The ruling right-wing parties are unable to form a “national salvation” pact with the opposition Socialists.

Portugal’s largest political parties broke off talks to form a “national salvation” pact on Friday, unable to find consensus about how to proceed with the nation’s European bailout program.

The talks were suspended more than week after President Aníbal Cavaco Silva rejected a cabinet reshuffle that had staved off a coalition crisis and urged the ruling parties to find agreement with the opposition Socialists instead to enact further economic adjustments with broad parliamentary support.

The ruling conservative and liberal parties, however, easily defeated a no-confidence motion in parliament on Thursday and do not need the opposition’s support to continue their program. An Aximage poll released on Friday also showed a majority of Portuguese favoring Prime Minister Pedro Passos Coelho’s government staying in power over calling early elections.

The president’s intervention came after the junior coalition party, which commands 10 percent of the seats in parliament, had threatened to pull out of the government. Passos Coelho offered the party’s leader the deputy prime ministership and more influence in economic policymaking to placate his concerns about a widening budget deficit and rising unemployment.

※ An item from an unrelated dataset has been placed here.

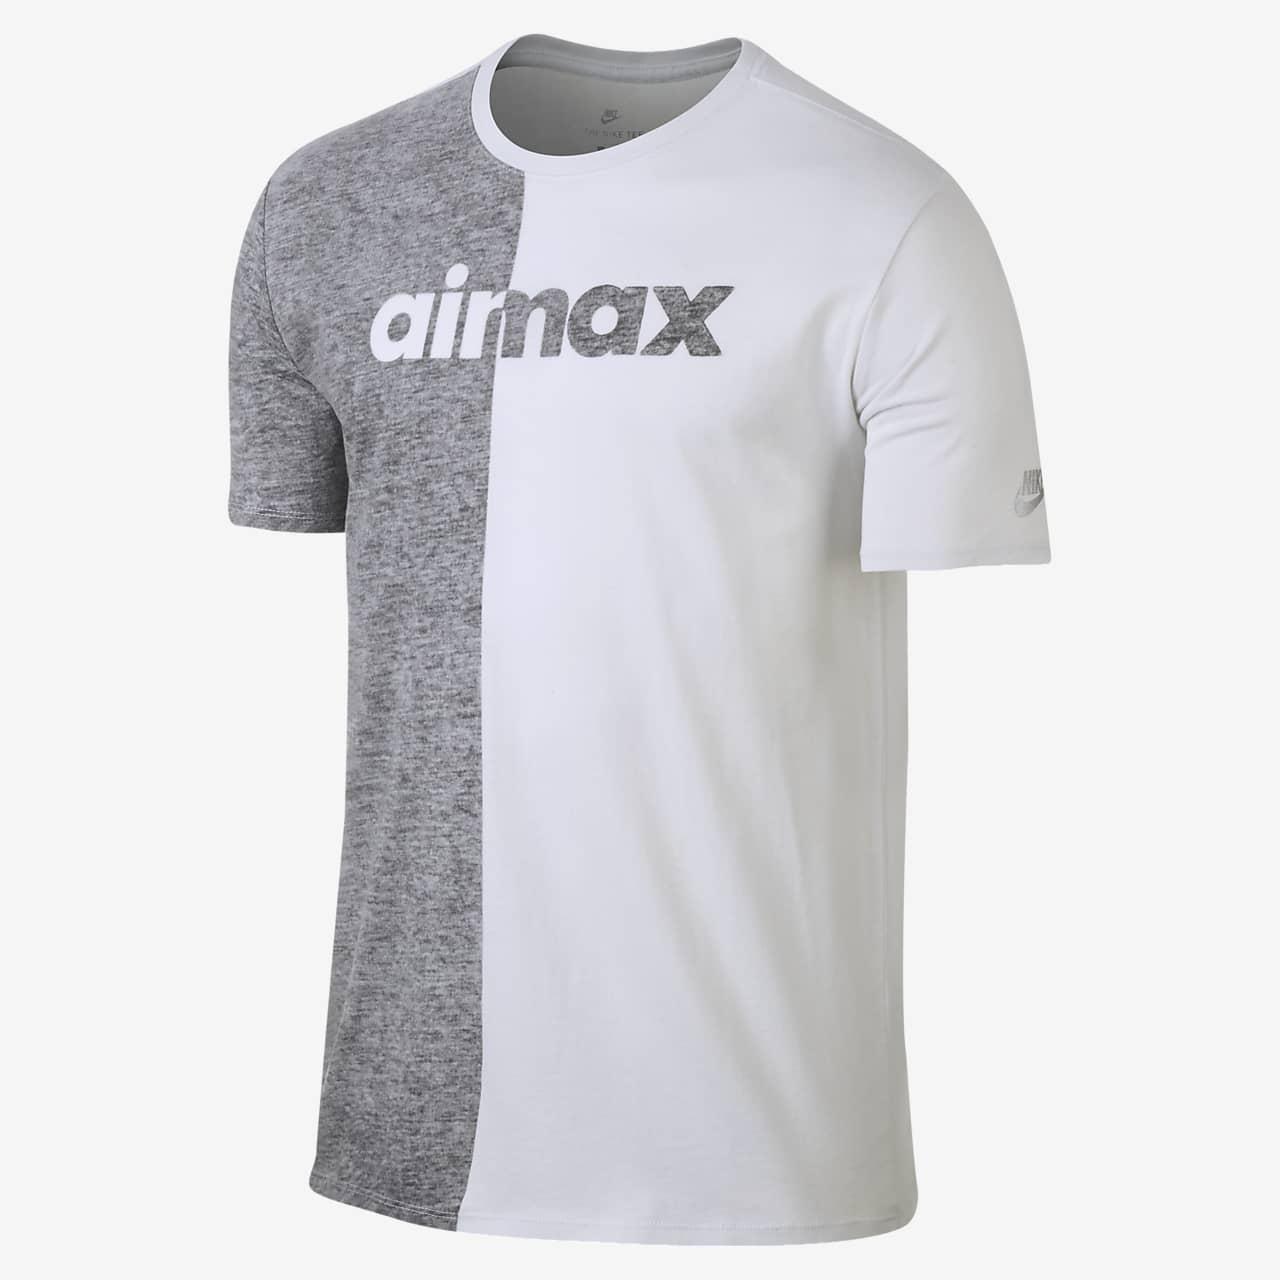 principio ocupado Rebelión  Nike Sportswear Air Max Men's T-Shirt. Nike IN
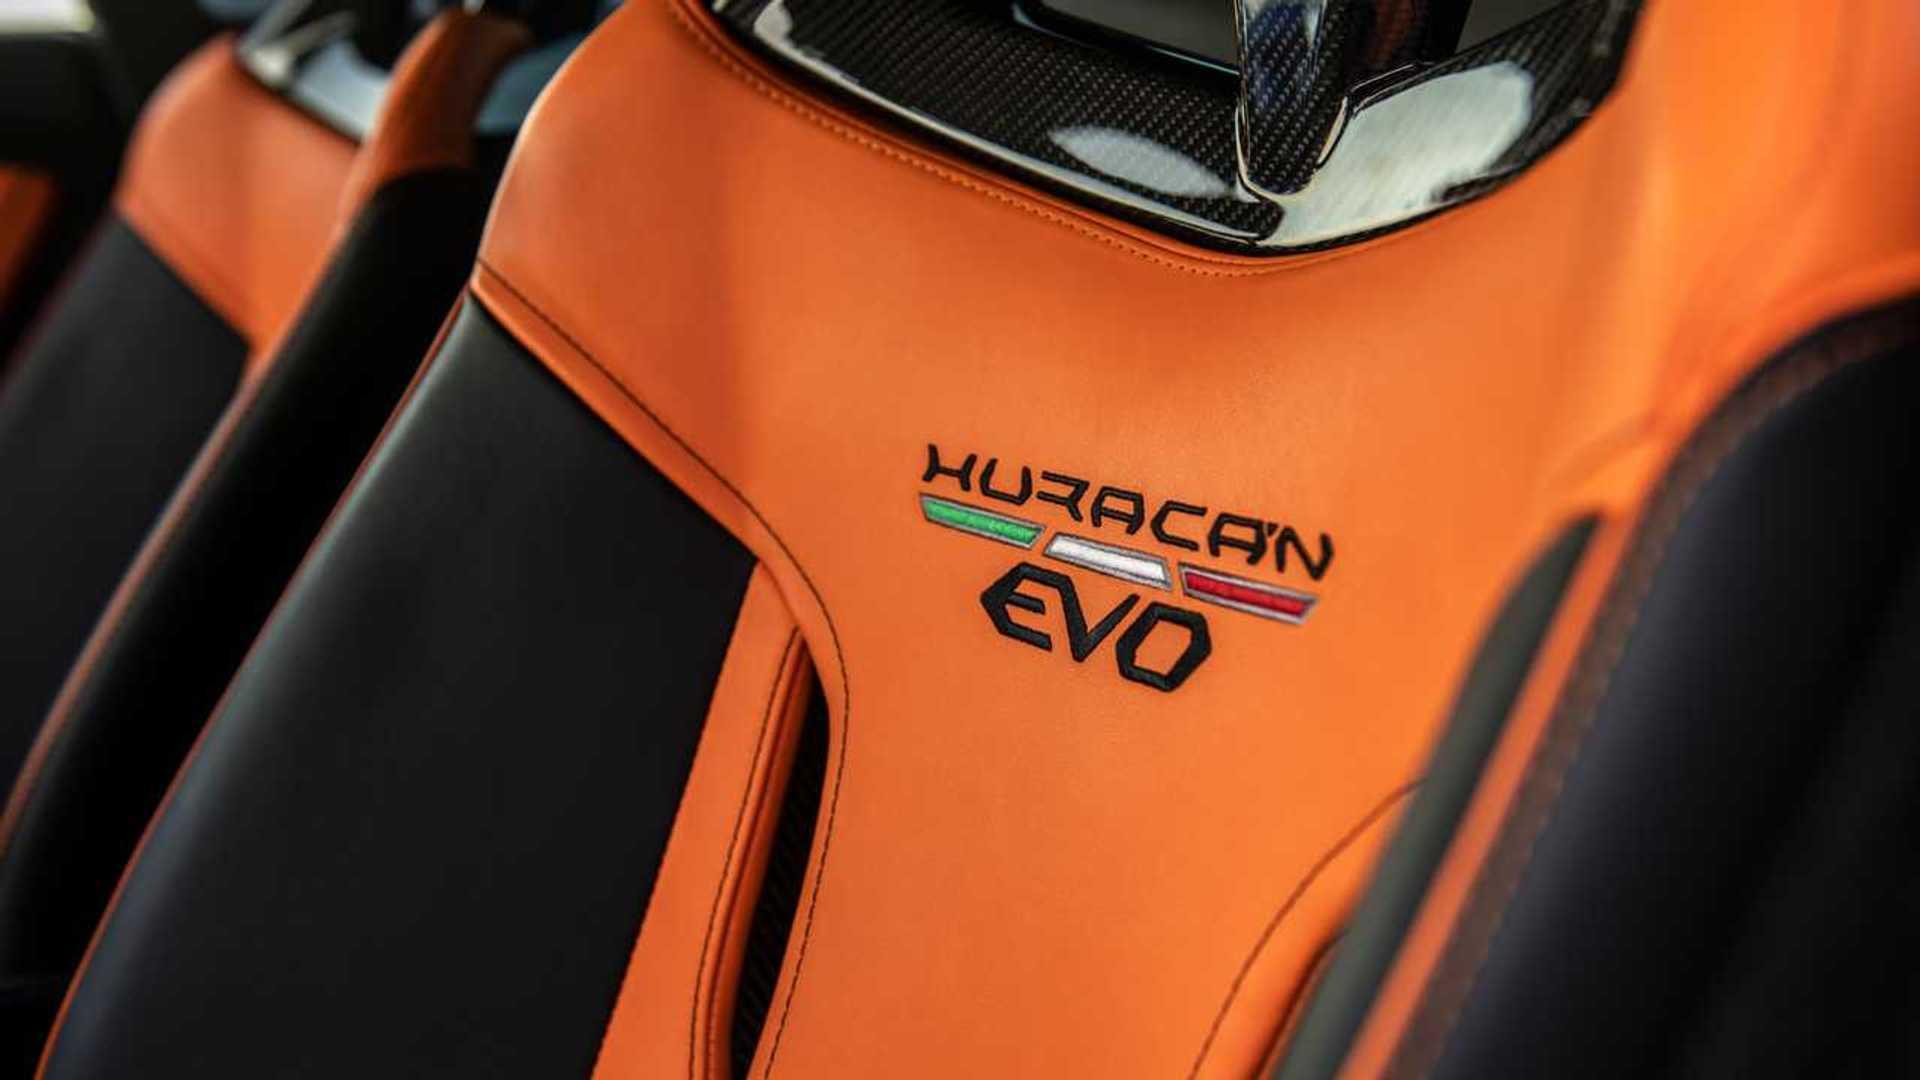 2020 Lamborghini Huracan Evo RWD seat detail

Portugal’s deficit stood at nearly 10 percent of gross domestic product in 2010 when the Socialists were in power. Through spending cuts and tax increases, Passos Coelho managed to bring it down to 6.4 percent last year even as the economy contracted 3 percent. In the first three months of this year, however, the shortfall rose again to 7.1 percent.

Although the proposed cabinet reshuffle persuaded the conservatives to stay in government, the president unexpectedly called on all three major parties to form a unity government rather than accepting the deal.

The Socialist Party leader, António José Seguro, said on Friday that the coalition had rejected his proposal to renegotiate the terms of a €78 billion bailout, fearing that it would undermine Portugal’s credibility with investors and its lenders. The immediate sticking point was whether to go ahead with €4.7 billion worth of deficit reduction measures, he said.

“There were two different visions to exit the crisis. That being clear, it made no sense to continue negotiating for the sake of negotiating,” Seguro told reporters after meeting with President Cavaco Silva in Lisbon. He added that it was up to the president to decide how to proceed.

Cavaco Silva cautioned against early elections in a speech last week. Polls suggest that the Socialists should welcome them. While they initially supported economic and fiscal reforms to qualify for a European bailout, they have become increasingly critical of austerity measures as popular resistance also mounted.

The political turmoil has forced Portugal to request a delay in the eighth review of its bailout program which was due to start last Monday.

In March, Portugal’s European lenders gave it one more year to reduce its shortfall to under 3 percent of economic output, the treaty limit. The country’s economy is expected to contract another 2.3 percent this year, however, complicating the fiscal consolidation effort, while unemployment, which hit a record 16.9 percent in 2012, might climb to 18.2 percent.